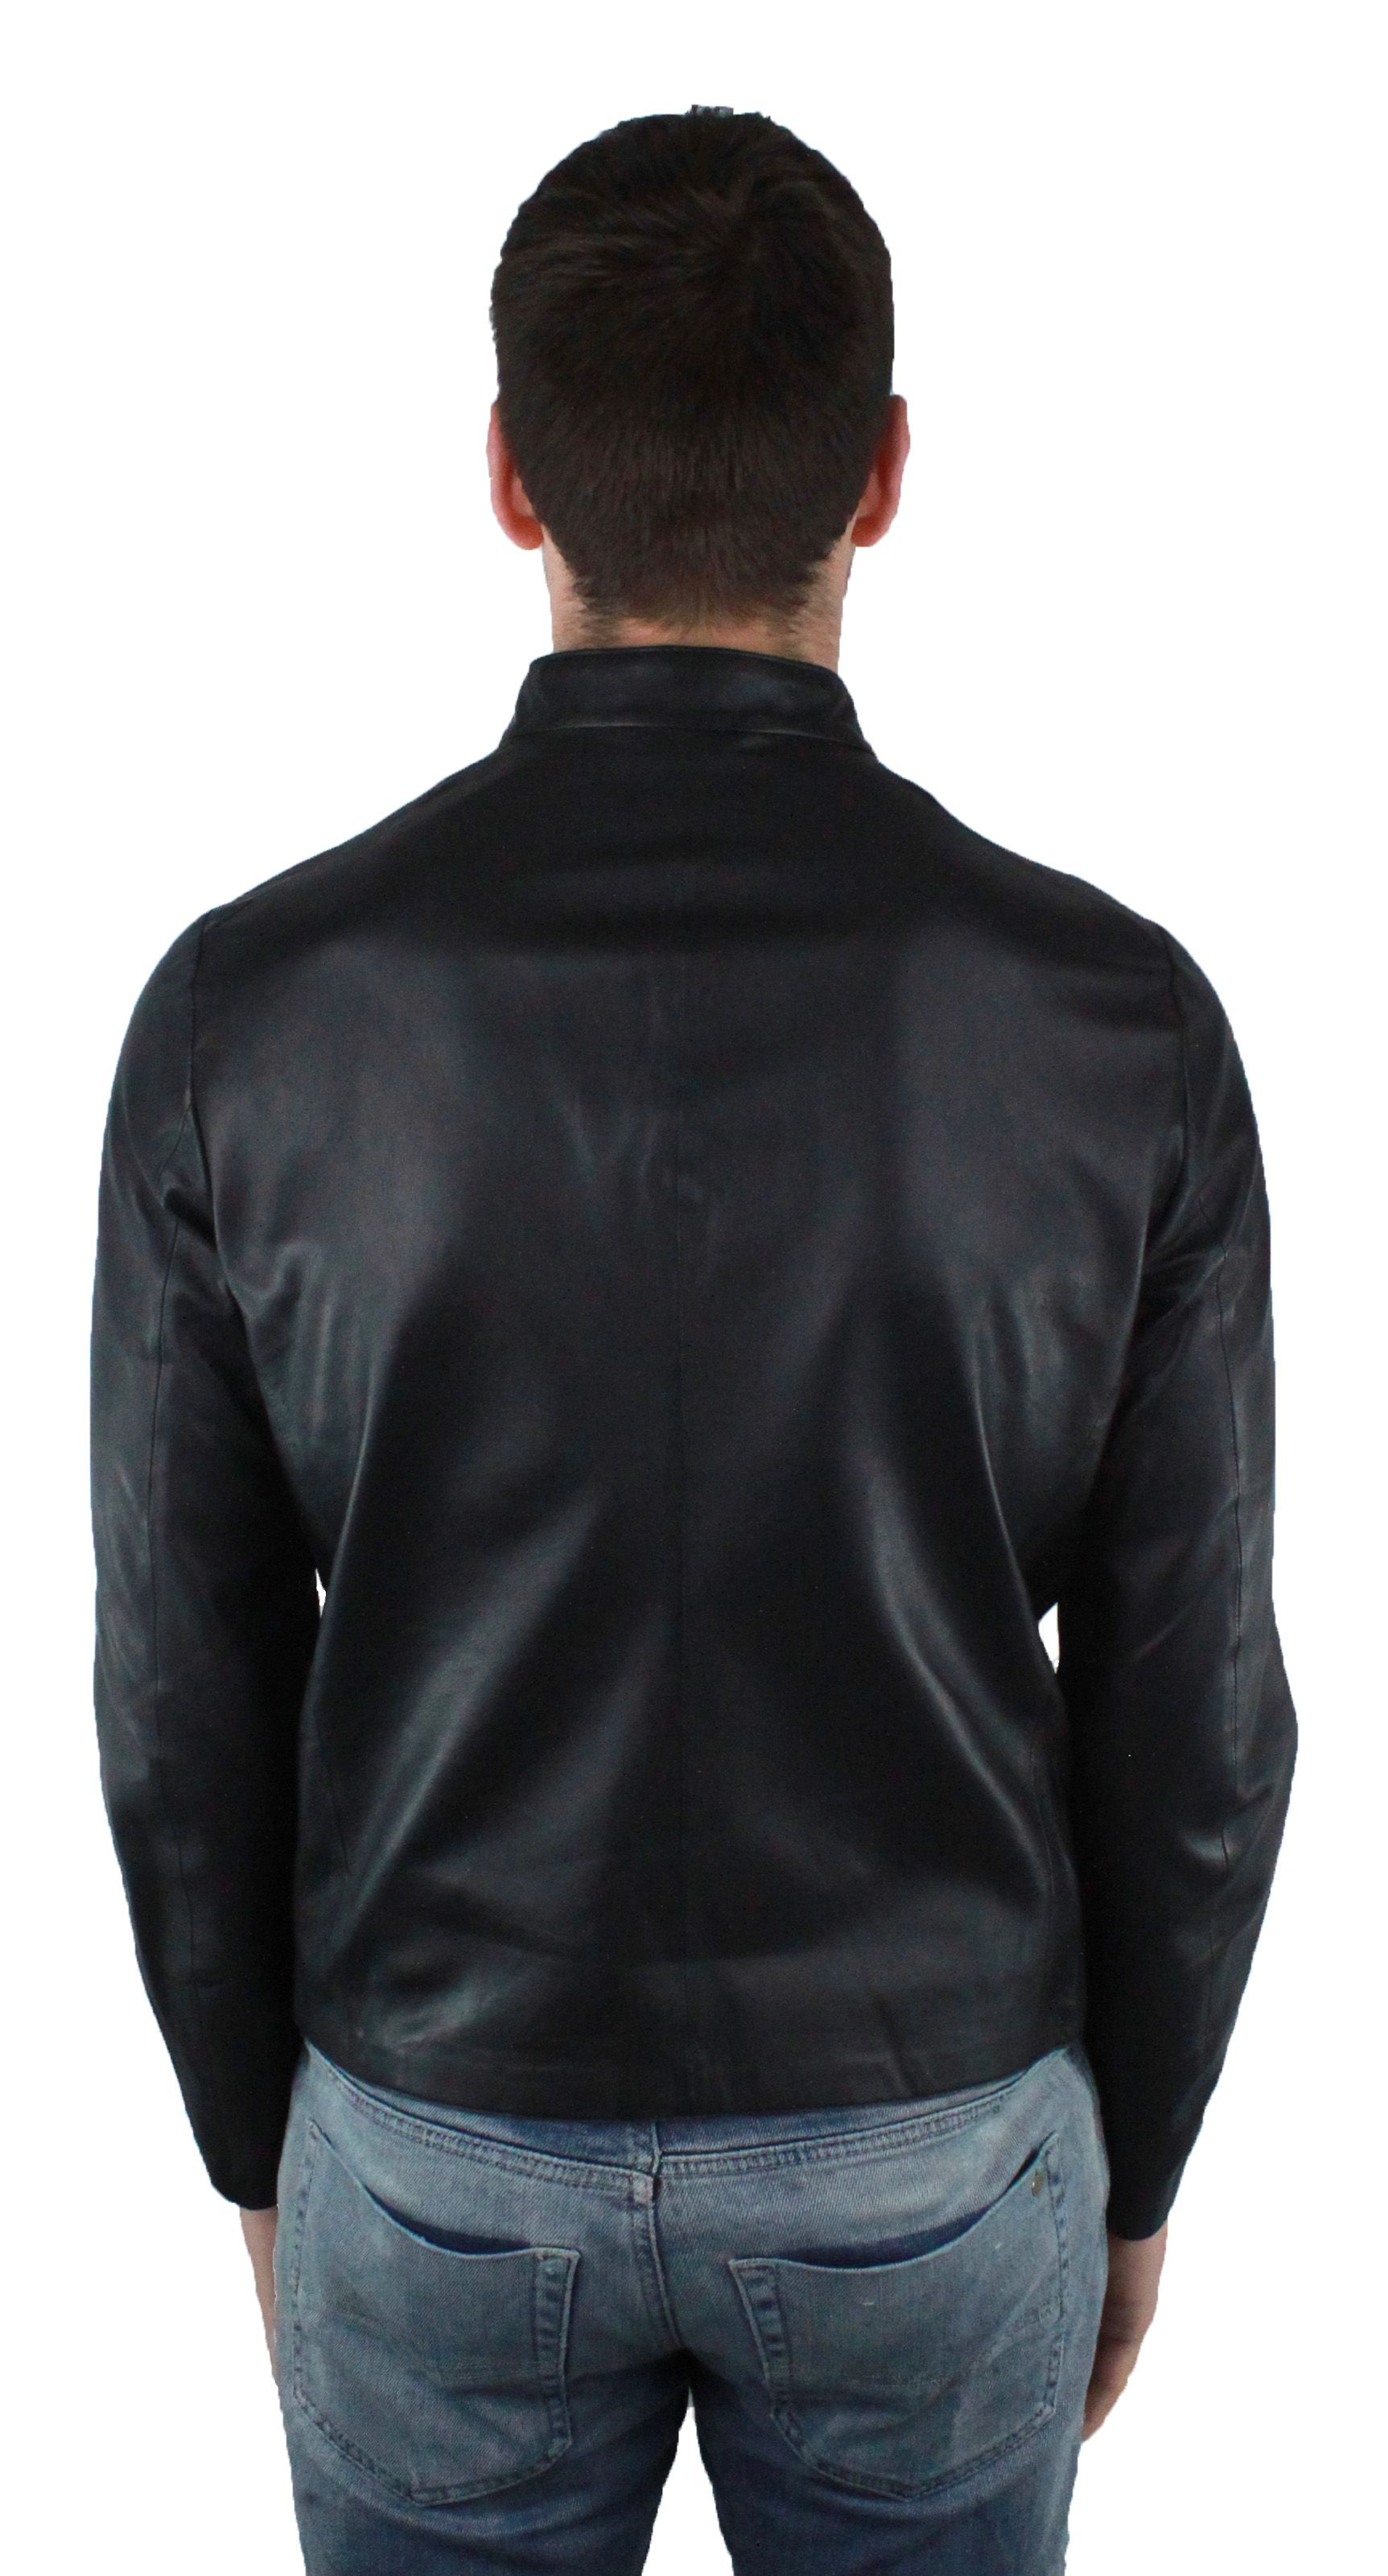 Emporio Armani 3Z1BM5 1LBAZ 999 Leather Jacket. 100% Leather. Central Zip Closure. Branded Badge On Left Pocket. Chinese Collar. Product Code: 3Z1BM5 1BLAZ 0999
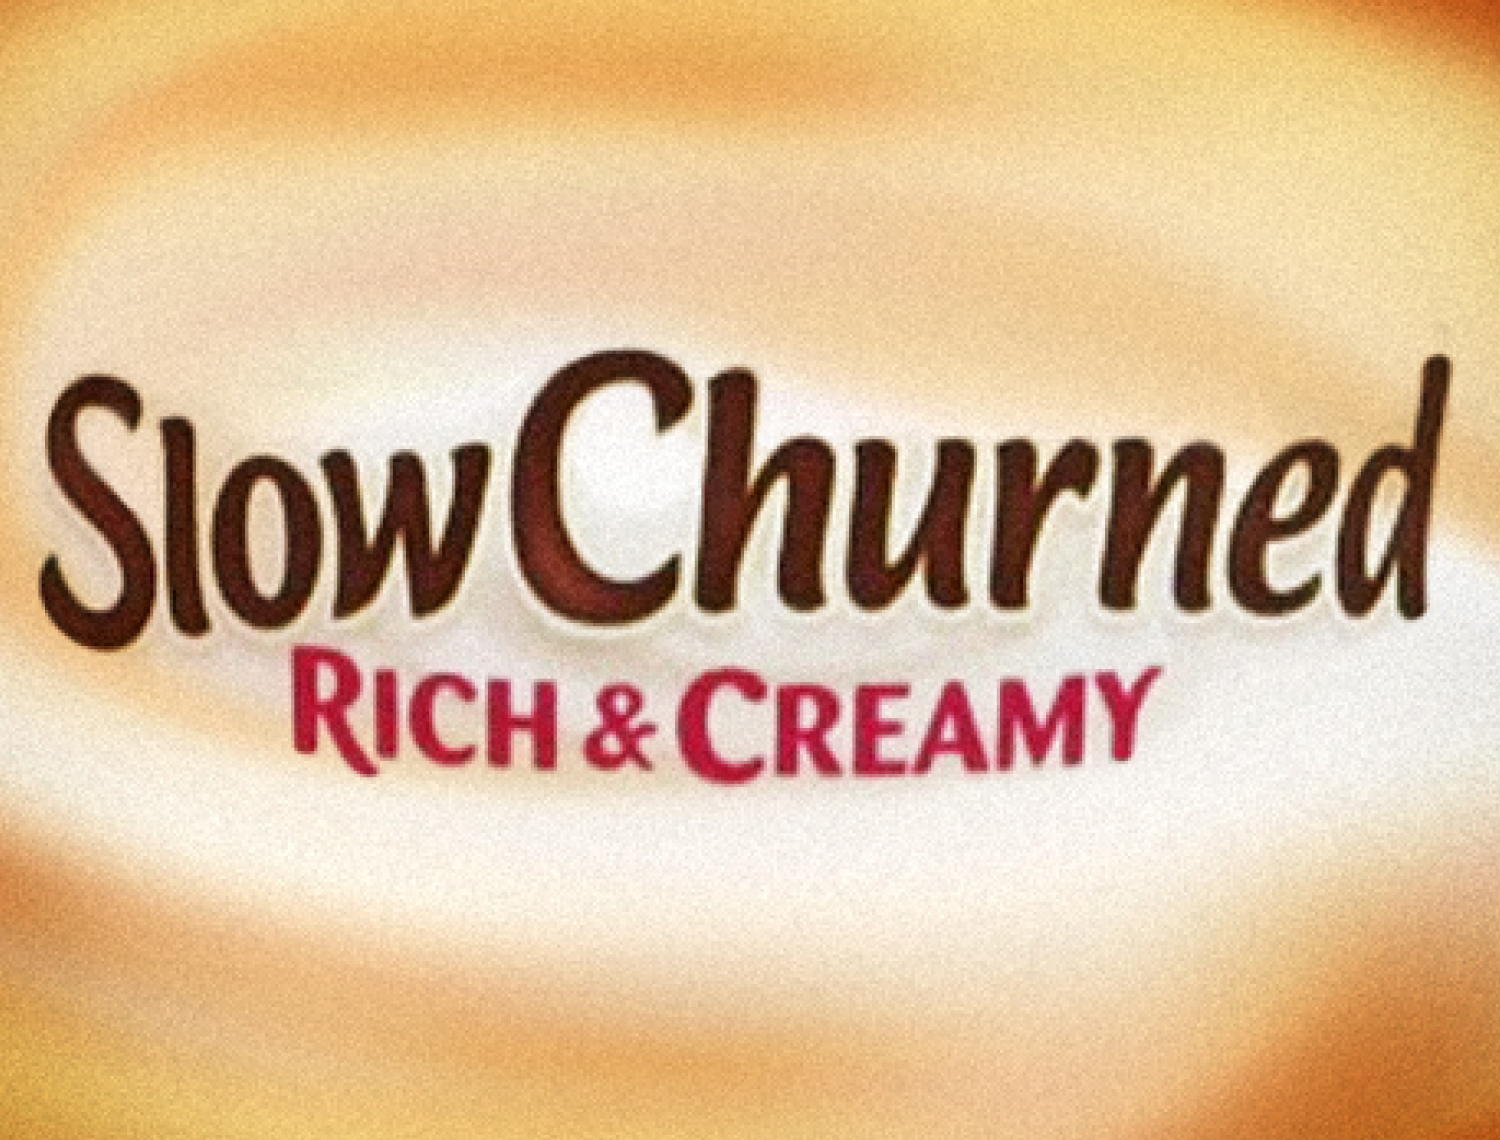 slow churned rich & creamy
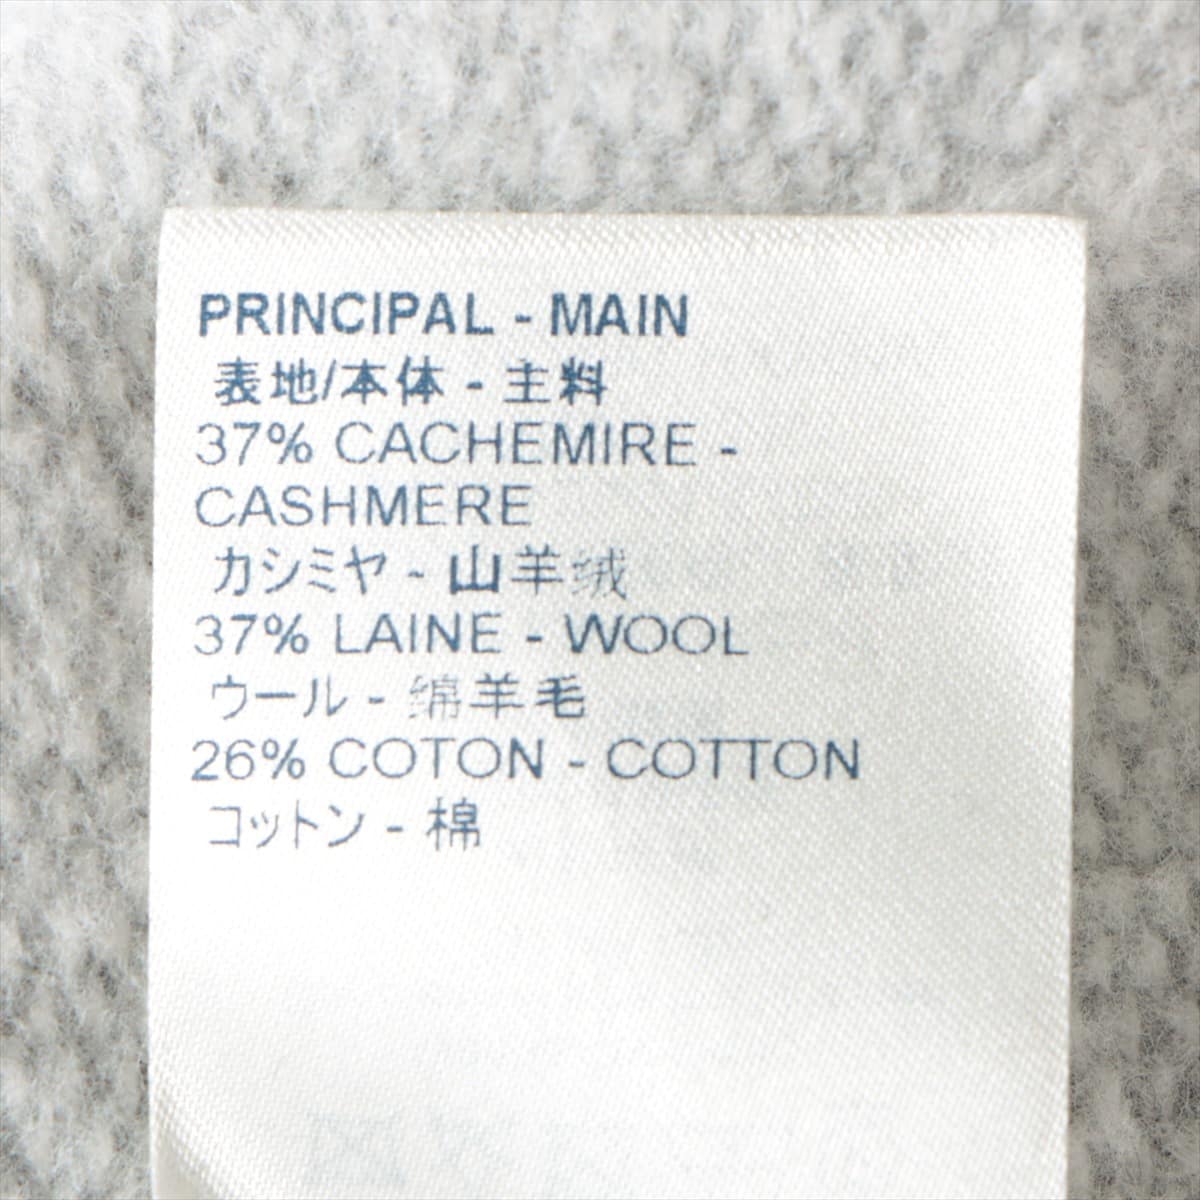 Louis Vuitton x NBA RM211M Wool & cashmere Sweatpants L Men's Grey

_ _ _

Task details:
Give back the whole listing exactly as it stands. No pictures belong in the copy.

Answer to this task:
 Emporio Armani 3Z1BM5 1LBAZ 999 Leather Jacket. 100% Leather. Central Zip Closure. Branded Badge On Left Pocket. Chinese Collar. Product Code: 3Z1BM5 1BLAZ 0999
 slow churned rich & creamy
 Louis Vuitton x NBA RM211M Wool & cashmere Sweatpants L Men's Grey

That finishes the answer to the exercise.